Within the lines below, the span from the line with "Poll, Willem van" to the line with "Pochoir de Banksy, un", both ends included, is to be reproduced exactly, with pictures omitted.

= RECORDS =
........

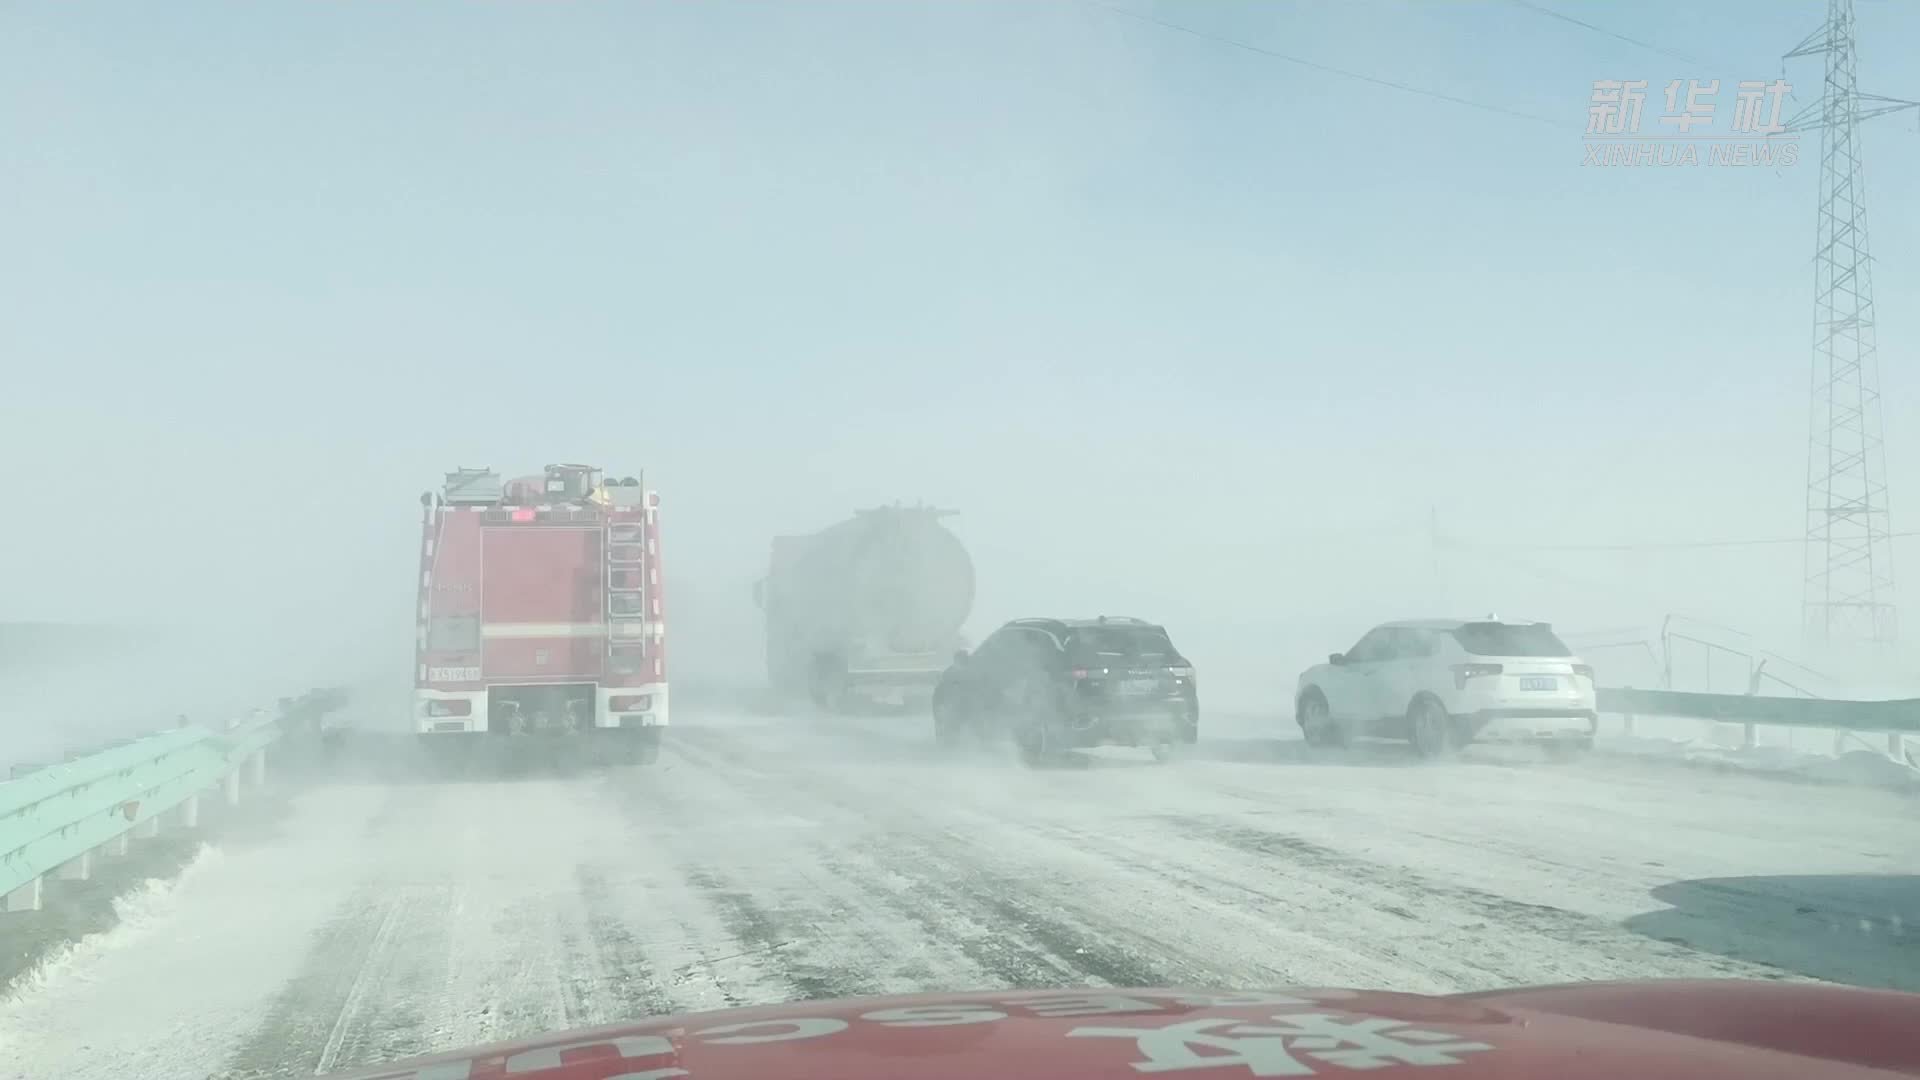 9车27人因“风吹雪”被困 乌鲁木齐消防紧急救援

........

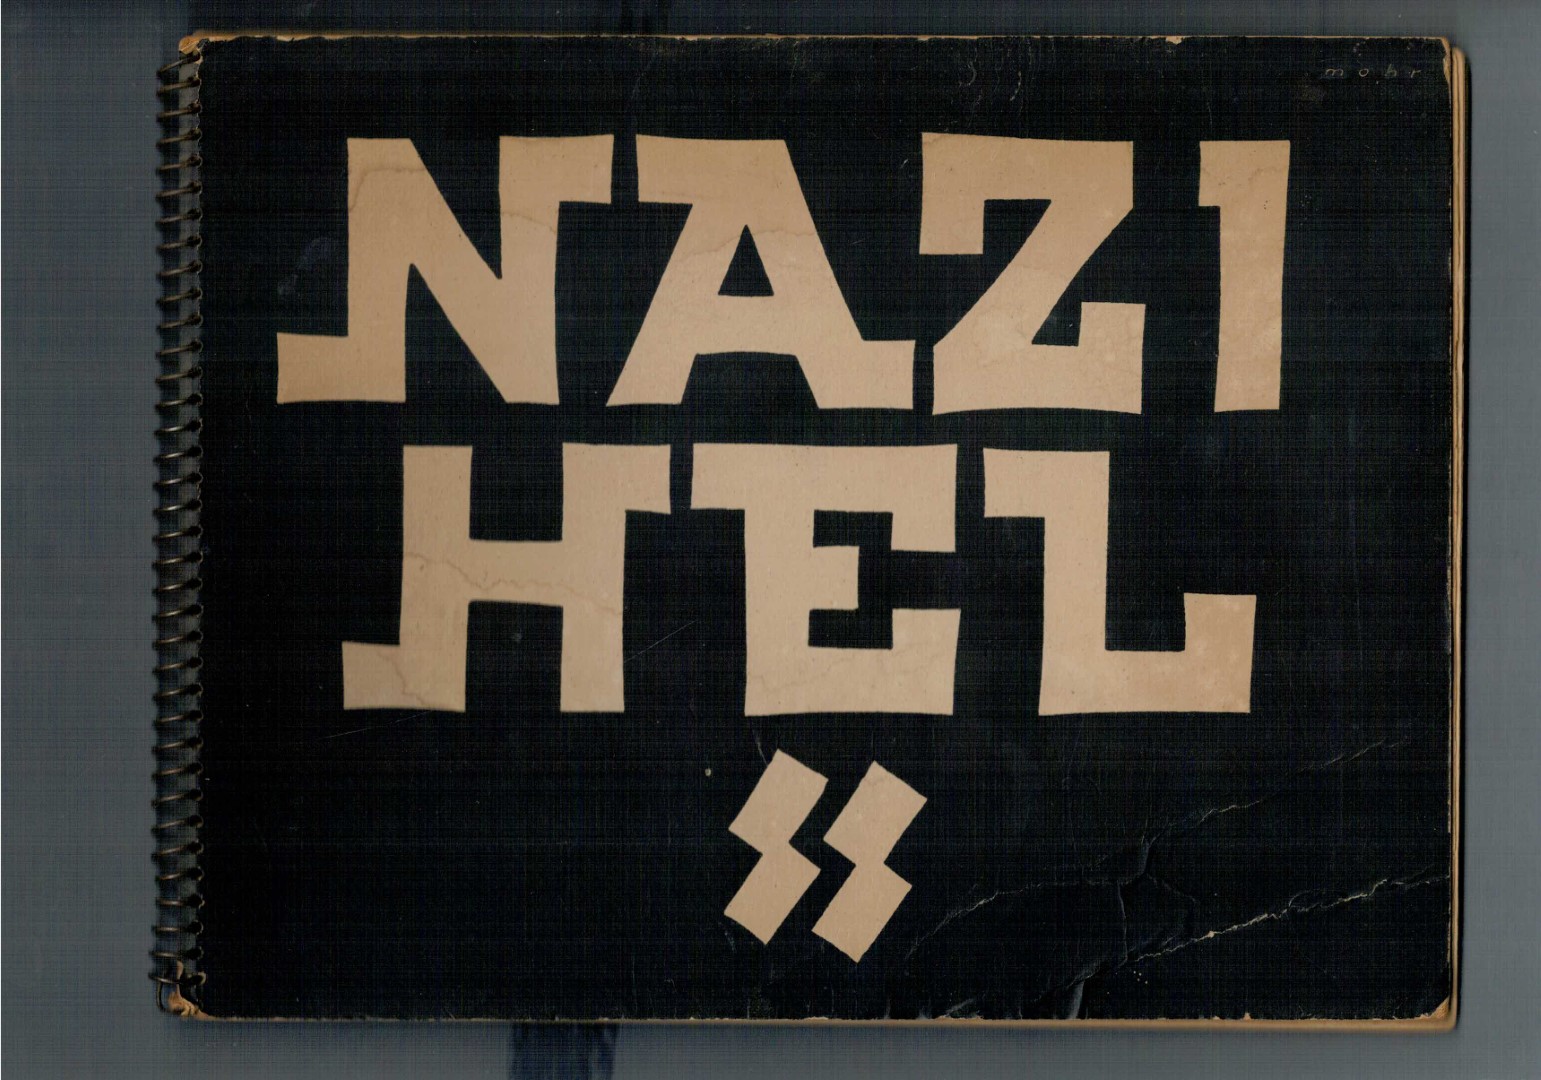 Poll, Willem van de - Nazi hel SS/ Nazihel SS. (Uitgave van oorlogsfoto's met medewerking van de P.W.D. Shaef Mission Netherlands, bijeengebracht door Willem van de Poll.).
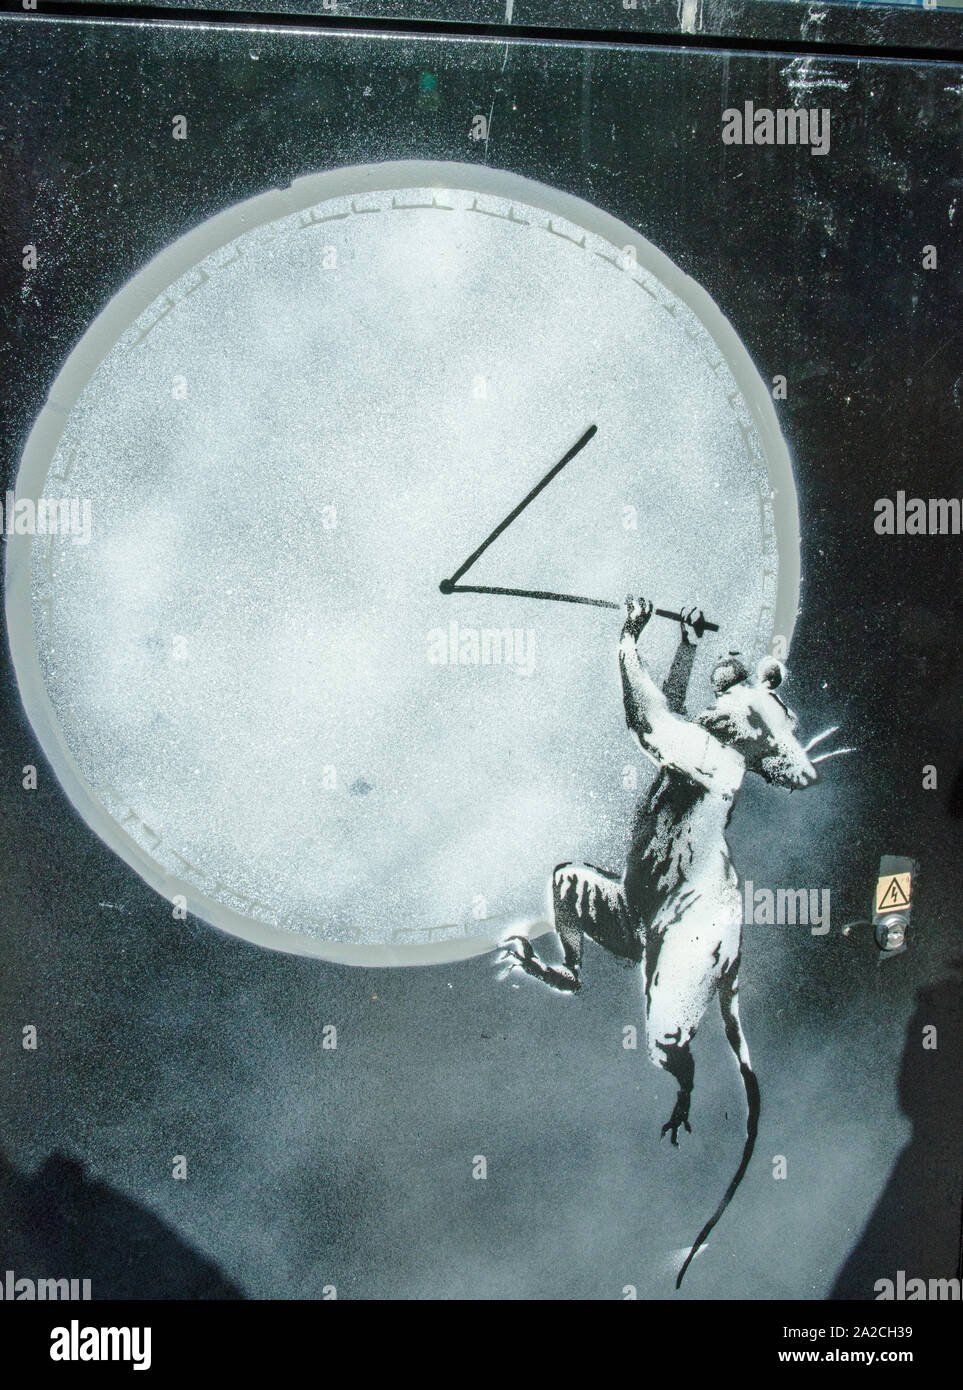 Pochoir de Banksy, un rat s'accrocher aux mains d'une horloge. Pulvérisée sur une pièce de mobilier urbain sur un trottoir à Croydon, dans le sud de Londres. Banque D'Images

........

= ANSWER AREA =
 Poll, Willem van de - Nazi hel SS/ Nazihel SS. (Uitgave van oorlogsfoto's met medewerking van de P.W.D. Shaef Mission Netherlands, bijeengebracht door Willem van de Poll.).
 Pochoir de Banksy, un rat s'accrocher aux mains d'une horloge. Pulvérisée sur une pièce de mobilier urbain sur un trottoir à Croydon, dans le sud de Londres. Banque D'Images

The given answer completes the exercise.